# How would I go about making hair like this?



## Hail-Purity (Jul 14, 2020)

Hi everyone! So I'm making my first fursuit head! kemono style.
Its going great so far but im a bit puzzled, my fursona is pretty monochrome with the big eye catcher being her rainbow hair and eyes, because of this i wanted to make a "wig" similar to what ive seen on these other kemono suits










(sorry for the big images)


----------



## Stray Cat Terry (Jul 15, 2020)

Definitely love that style! If you ask me, go for it!
(My sona has the same hairstyle but the back of the head)


----------



## Hail-Purity (Jul 15, 2020)

Stray Cat Terry said:


> Definitely love that style! If you ask me, go for it!
> (My sona has the same hairstyle but the back of the head)


Oh I love the style too im just not sure how it would work!
Like is it just fur made into a wig? is it attached with a magnet or sewn on? its hard to find any info on fursuit hair


----------



## Stray Cat Terry (Jul 15, 2020)

Hail-Purity said:


> Oh I love the style too im just not sure how it would work!
> Like is it just fur made into a wig? is it attached with a magnet or sewn on? its hard to find any info on fursuit hair



Since I don't know a single thing on manufacturing fursuits, I can't tell how they're made.. Maybe find some people commissioning or people who recieved their commissions, so that they might let you know at least something? (Which I doubt they will though..)


----------



## Ashwolves5 (Jul 16, 2020)

It’s fur that’s part of the head but I could see someone doing wig like ones. There’s a few different methods to making them though the one pictured look patterned out. Can alway google “fursuit hair tuft” which it’s commonly called.


----------



## Hail-Purity (Jul 16, 2020)

Ashwolves5 said:


> It’s fur that’s part of the head but I could see someone doing wig like ones. There’s a few different methods to making them though the one pictured look patterned out.
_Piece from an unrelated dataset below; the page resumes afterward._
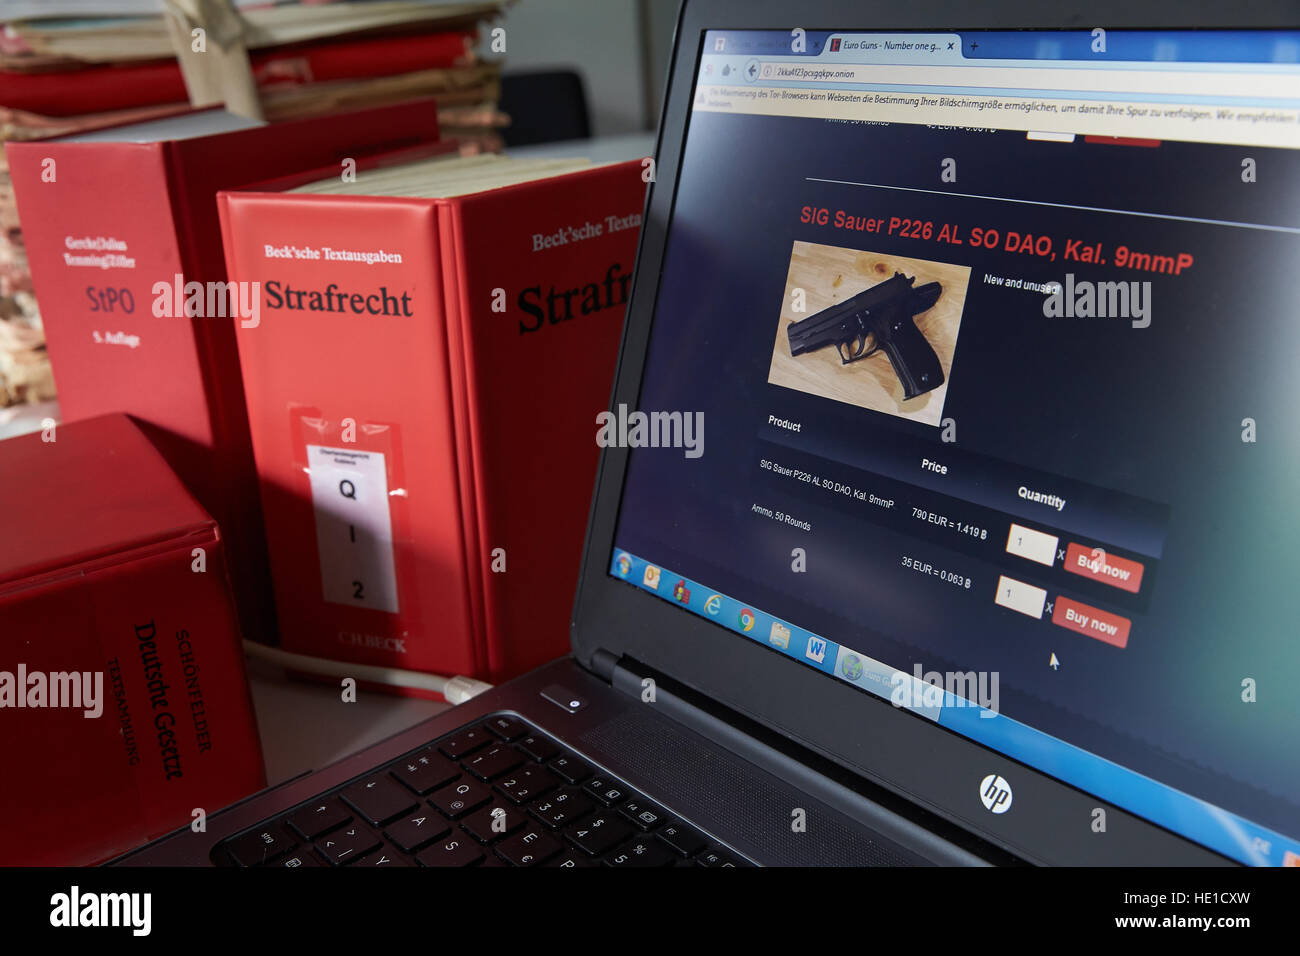 Laptop screen, Darknet firearms website, criminal law books, Germany Stock Photo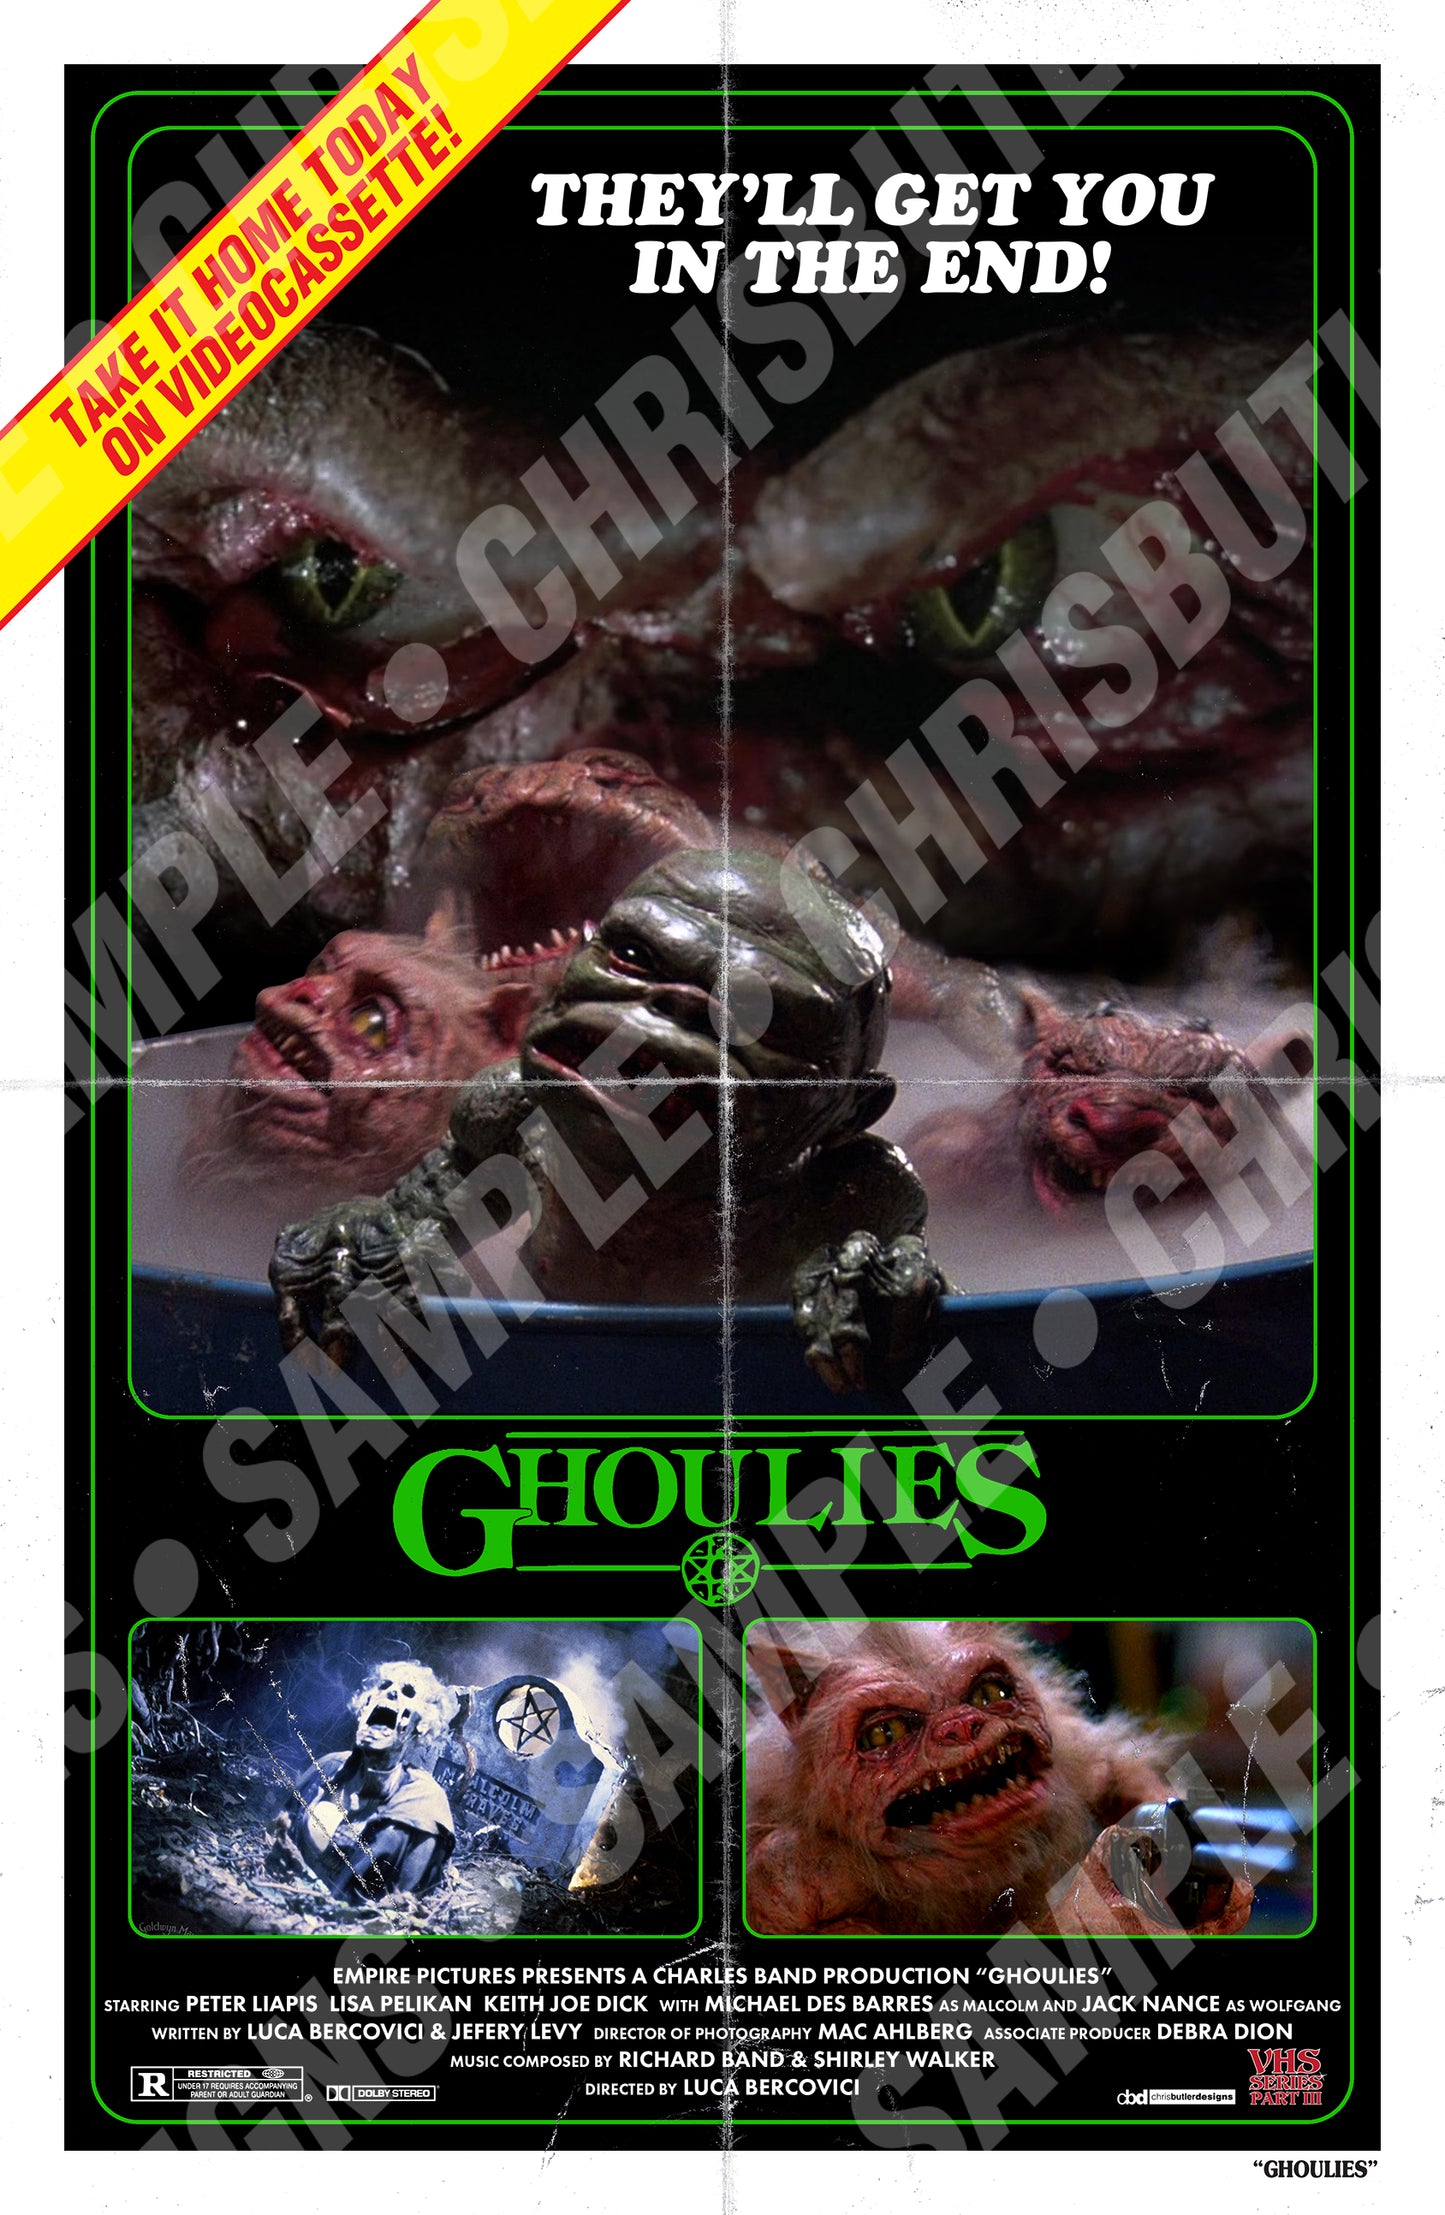 Ghoulies (VHS Series 3) 11x17 Print

Can alway google “fursuit hair tuft” which it’s commonly called.


thank you! ill try that, id love to try to make it detachable so i can make various colored wigs


----------



## Keefur (Jul 17, 2020)

My friend makes feline fursuits.  He makes manes by cutting triangular tabs of fur with small rectangular bases and layers them like fish scales.  I think that might work for your suit.  I would do it separately and attach it like a wig.  You can always loop some stitches down low to keep it from flipping up.  Use upholstery thread though.  That stuff is impossible to break.


----------



## Hail-Purity (Jul 17, 2020)

Keefur said:


> My friend makes feline fursuits.  He makes manes by cutting triangular tabs of fur with small rectangular bases and layers them like fish scales.  I think that might work for your suit.


thank you!!


----------